When the fast computation used in arriving the best model is disabled in auto.arima, the best model generated is ARIMA(2,1,1) indicating no seasonality part.
arimafit3 <- auto.arima(loan_to_deposit,stepwise=FALSE)
summary(arimafit3)
Series: loan_to_deposit
ARIMA(2,1,1)
Coefficients:
ar1 ar2 ma1
-0.7574 -0.0351 0.6233
s.e. 0.6346 0.1532 0.6262
sigma^2 estimated as 19.5: log likelihood=-357.22
AIC=722.44 AICc=722.78 BIC=733.69
Training set error measures:
ME RMSE MAE MPE MAPE MASE ACF1
Training set 0.1214725 4.397839 2.687355 -0.1711618 4.541871 0.2182101 -0.002261327
tsdisplay(residuals(arimafit3))
Comparing the three ARIMA models - ARIMA(0,1,0)(1,0,1)[12], ARIMA(0,1,0) and ARIMA(2,1,1), the ARIMA(0,1,0) has the smallest AICc value previously generated. Since the the three models have the same one order difference they can be compared using AICc.
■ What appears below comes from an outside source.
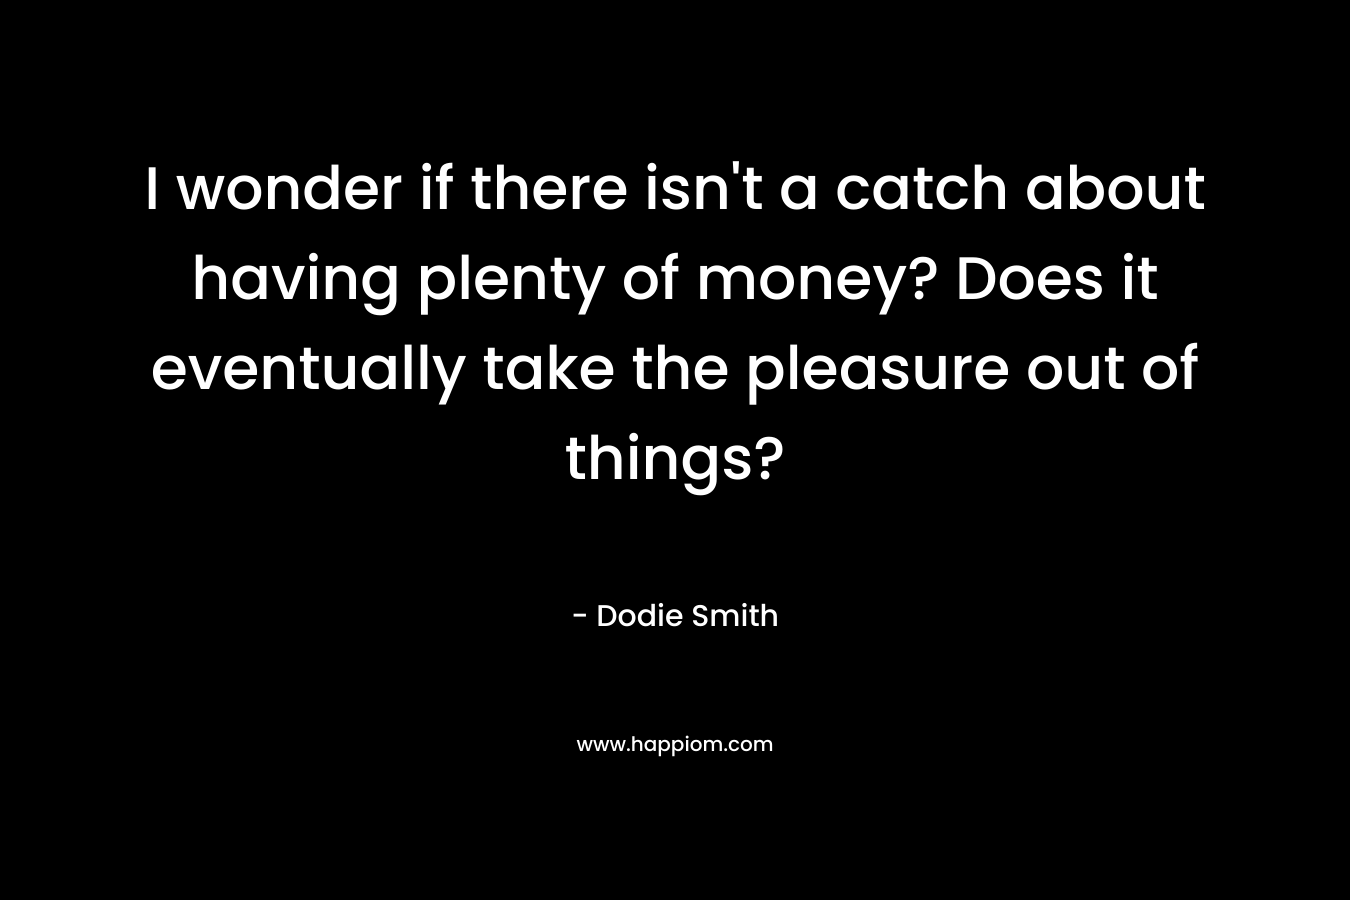 I wonder if there isn’t a catch about having plenty of money? Does it eventually take the pleasure out of things? – Dodie Smith
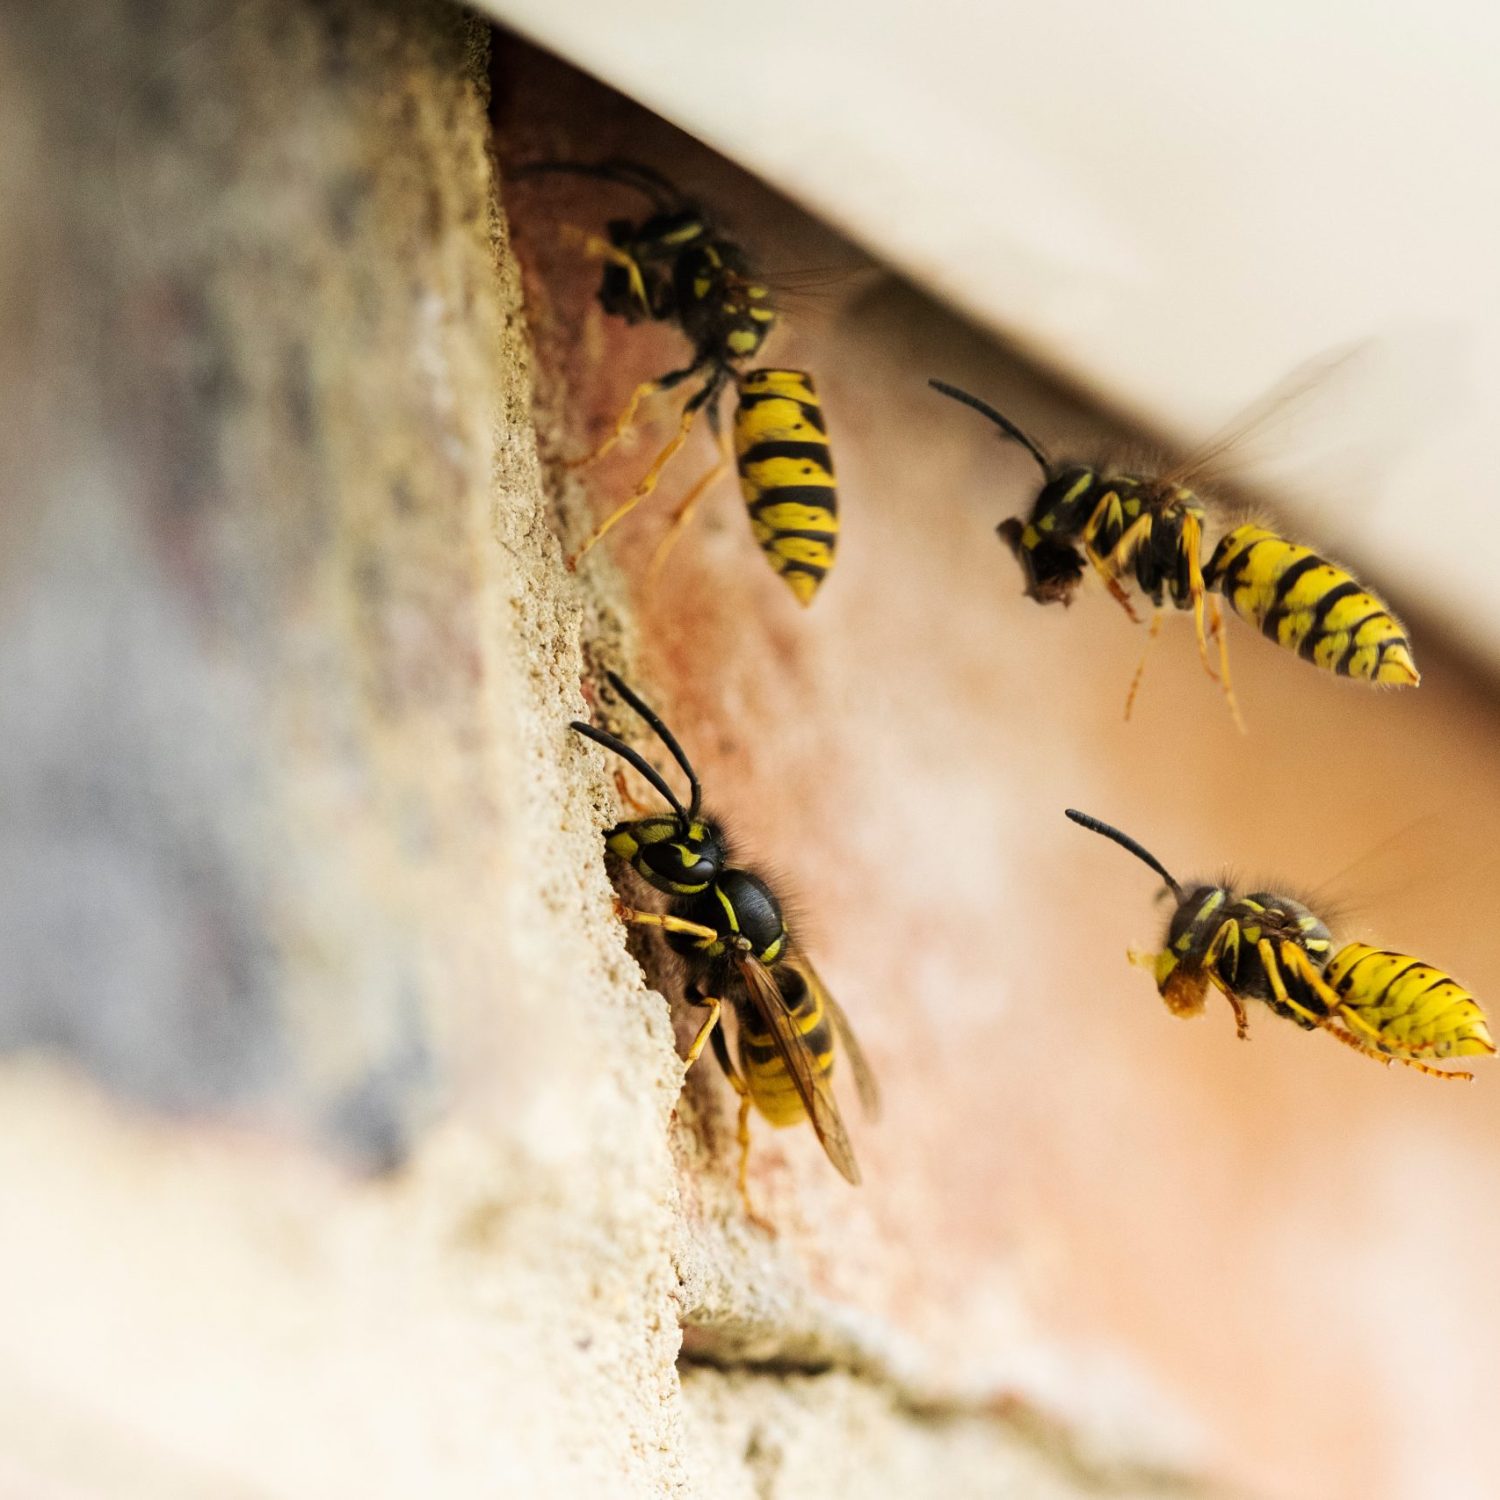 Wasps Causing Problem By Building Nest Under Roof Of House

Based on this criteria ARIMA(0,1,0) would be a best model of the three.
#AICc values for the different Models
x<- arimafit$aicc
y<- arimafit2$aicc
z<- arimafit3$aicc
df1 <- data.frame( models = c("ARIMA(0,1,0)(1,0,1)[12]","ARIMA(0,1,0)","ARIMA(2,1,1)"),AICc=c(x,y,z))
knitr::kable(df1, caption = "AICs of the Different Models")
| models | AICc |
|---|---|
| ARIMA(0,1,0)(1,0,1)[12] | 723.6083 |
| ARIMA(0,1,0) | 719.6052 |
| ARIMA(2,1,1) | 722.7817 |
Compared using RMSE ARIMA(2,1,0) produces the lowest RMSE
# ARIMA(0,1,0)(1,0,1)[12]
accuracy(arimafit)
ME RMSE MAE MPE MAPE MASE ACF1
Training set 0.1117394 4.451392 2.693037 -0.1663461 4.527217 0.2186715 -0.1409733
# ARIMA(0,1,0)
accuracy(arimafit2)
ME RMSE MAE MPE MAPE MASE ACF1
Training set 0.1111027 4.454762 2.674006 -0.1614636 4.494982 0.2171262 -0.1453001
# ARIMA(2,1,1)
accuracy(arimafit3)
ME RMSE MAE MPE MAPE MASE ACF1
Training set 0.1214725 4.397839 2.687355 -0.1711618 4.541871 0.2182101 -0.002261327
plot(residuals(arimafit), main= "Residuals-(0,1,0)(1,0,1)[12], ARIMA(0,1,0) & ARIMA(2,1,1) Models ", xlab="Year", ylab="Residual")
lines(residuals(arimafit2), col="red")
lines(residuals(arimafit3), col="blue")
legend("bottomleft",lty=1, col=c("black","red","blue"),
c("ARIMA(0,1,0)(1,0,1)[12]","ARIMA(0,1,0)","ARIMA(2,1,1)"),cex=0.80)
Observing the residual plots the three models looks very similar.